To do: Start to finish, return the listing below exactly, pictures excluded.
Raw data Start Marker
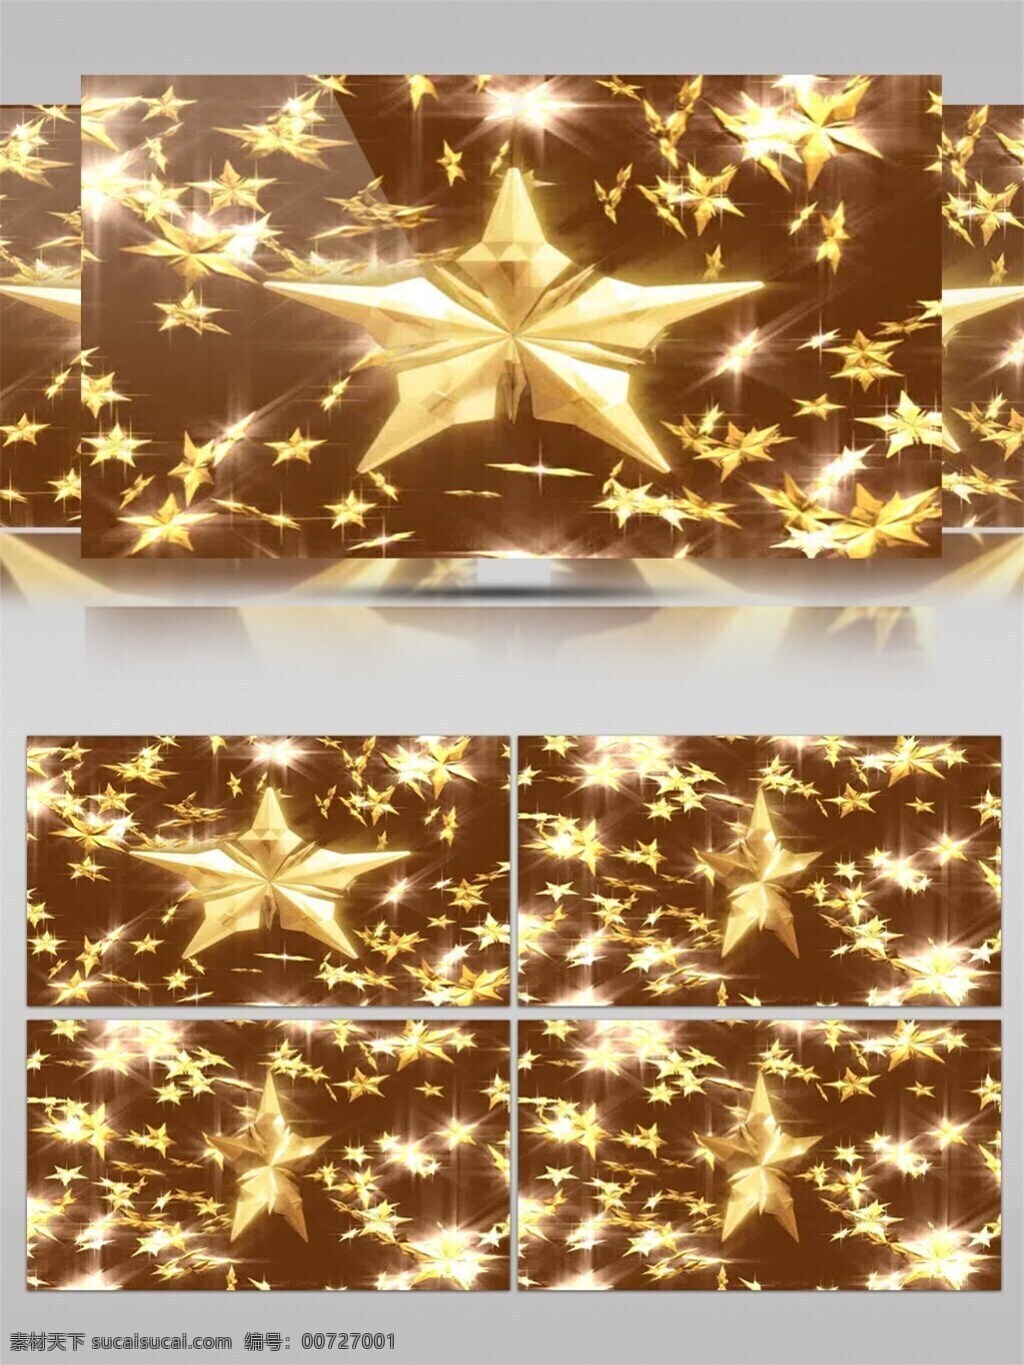 金色 五角星 圣诞节 视频 节日壁纸 节日庆祝 炫酷五角星 装饰五角星
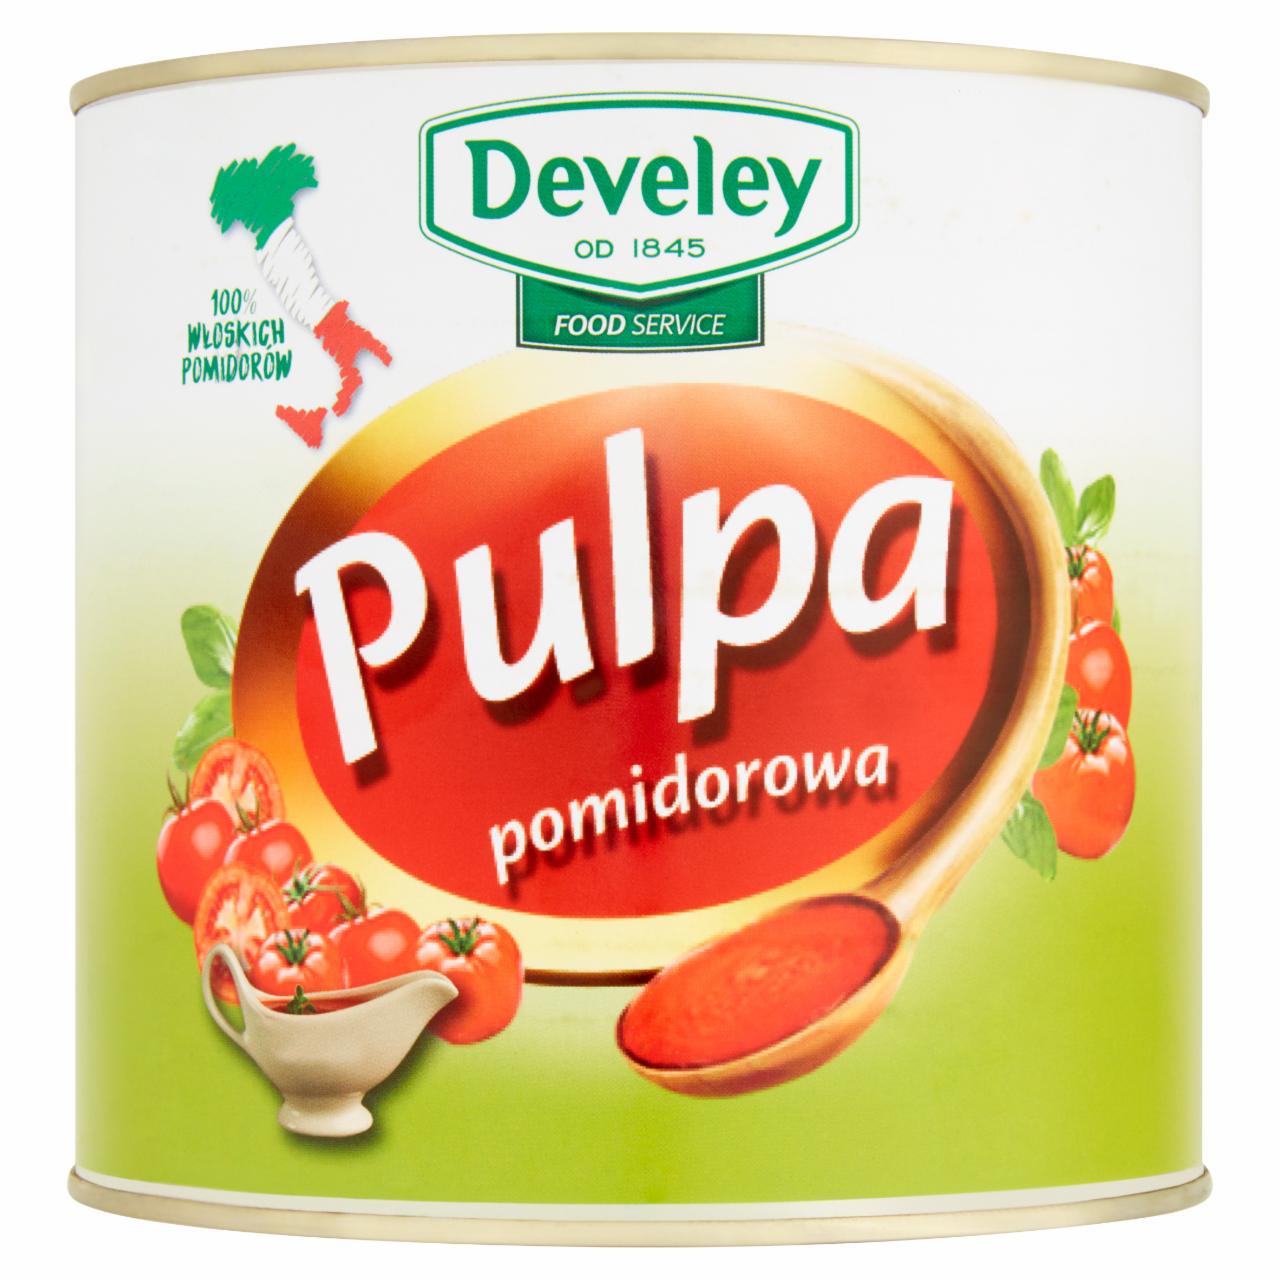 Zdjęcia - Develey Food Service Pulpa pomidorowa 2,5 kg
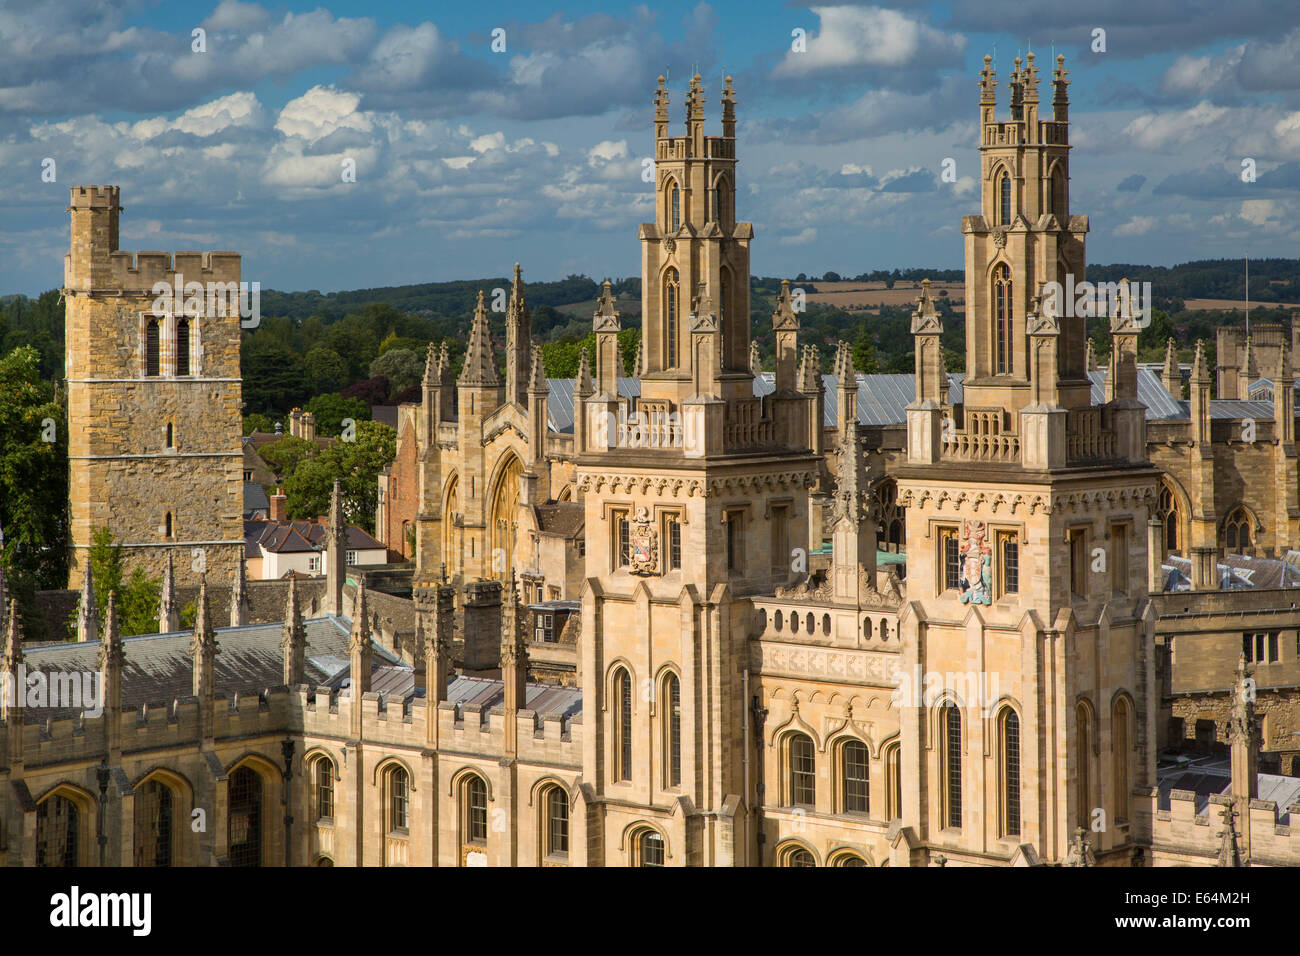 All Souls College et le nombre de spires de l'Université d'Oxford, Oxfordshire, Angleterre Banque D'Images
Raw data End Marker
Solution below:
 金色 五角星 圣诞节 视频 节日壁纸 节日庆祝 炫酷五角星 装饰五角星
 Zdjęcia - Develey Food Service Pulpa pomidorowa 2,5 kg
 All Souls College et le nombre de spires de l'Université d'Oxford, Oxfordshire, Angleterre Banque D'Images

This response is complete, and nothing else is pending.